The Pew Research Center examined about 2.5 million web page visits from a group of 900 people who agreed to share their browsing data for a full month.
Most folks hit on at least some AI-related content, but much of it touched on AI at just a glancing or superficial level.
Many people encountered AI-generated summaries in their web searches.
There were limitations to the tracking. Not all web-connected devices that people used were tracked. And the Pew Research Center wasn’t able to analyze real-time algorithmically curated content on social media pages or pages that require a login to access.
Nearly everyone, over 90%, visited at least one page that mentioned AI, even if the mention was brief or unrelated to the main focus of the page, according to the Pew Research Center.
Close to half of the people visited a page where AI was the main focus of the content, but those visits weren’t frequent.
Those, for example, could be news articles that looked closely at AI-related issues.
Close to 60% of people viewed a search page, such as Google, with an AI-generated summary of results.
Just 13% of people visited the website of a generative AI tool.
And just 10% of people search for an AI-related term.

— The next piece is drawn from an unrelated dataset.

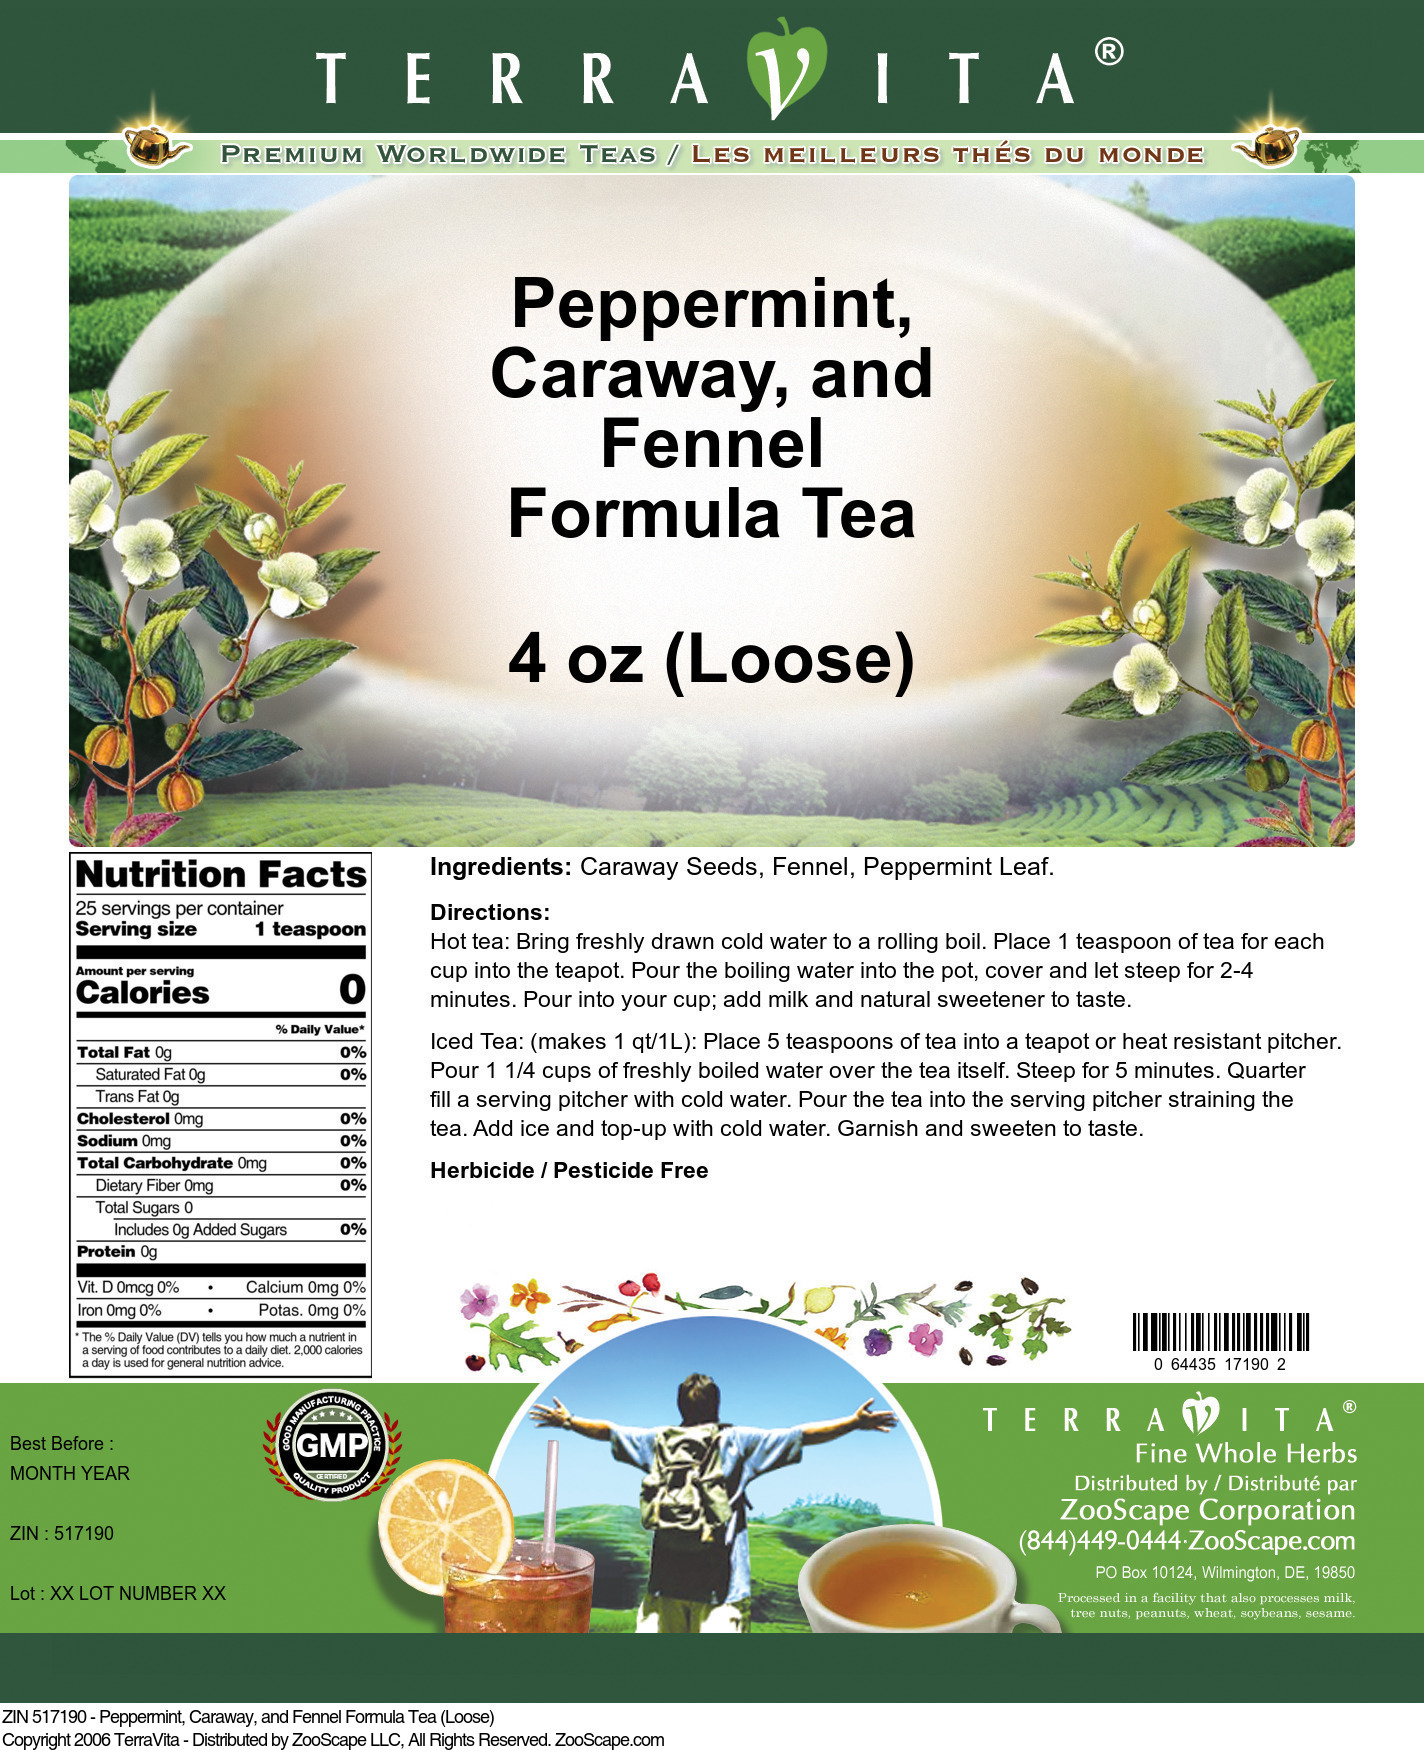 Peppermint, Caraway, and Fennel Formula Tea (Loose) - Label

“It just confirms that AI in one fashion or another has entered the mainstream,” AI expert Anton Dahbura said of the Pew Research Center study.
Dahbura, the co-director of the Johns Hopkins Institute for Assured Autonomy, said AI is ingrained in our online world.
“And if it's not, it will be soon,” he said, noting that companies are rushing to incorporate AI both in customer service and behind the scenes.
“There's definitely fear of missing out and a perception that if I don't have AI involved somewhere ... I'll become irrelevant, or my products or services will become irrelevant,” he said.
Dahbura said the average person might not realize how much AI-generated or AI-influenced content they’re consuming online.
Daniel Schiff, a policy scientist and the co-director of the Governance and Responsible AI Lab at Purdue University, mentioned AI literacy as a concern.
People might struggle to separate reliable and unbiased information from AI-generated content that can sound authoritative but can be hit or miss.
“It shapes the information people find. It shapes what they learn. It shapes what they think,” Schiff said. “So, it's incredibly powerful for our entire kind of information synthesis and learning process.”
Dahbura expressed concern over AI-generated summaries, like those found on a Google search page or those that try and present a shopper consensus on a product page.
Say you’re shopping online for a lawn mower and you get AI-generated recommendations. How do you know if they’re reliable?
“Can you even game it by having more comments about a certain brand? And then the AI thinks that that's the consensus, that that's the majority opinion,” Dahbura said.
Dahbura said AI can be a good shortcut for people online, but you also have to be careful.
AI can hallucinate. It can reference sources that don’t exist. And it can leave out important opinions in an effort to offer a digestible consensus.
“It's not fairy dust that you can just sprinkle on things and expect it to work all the time,” he said.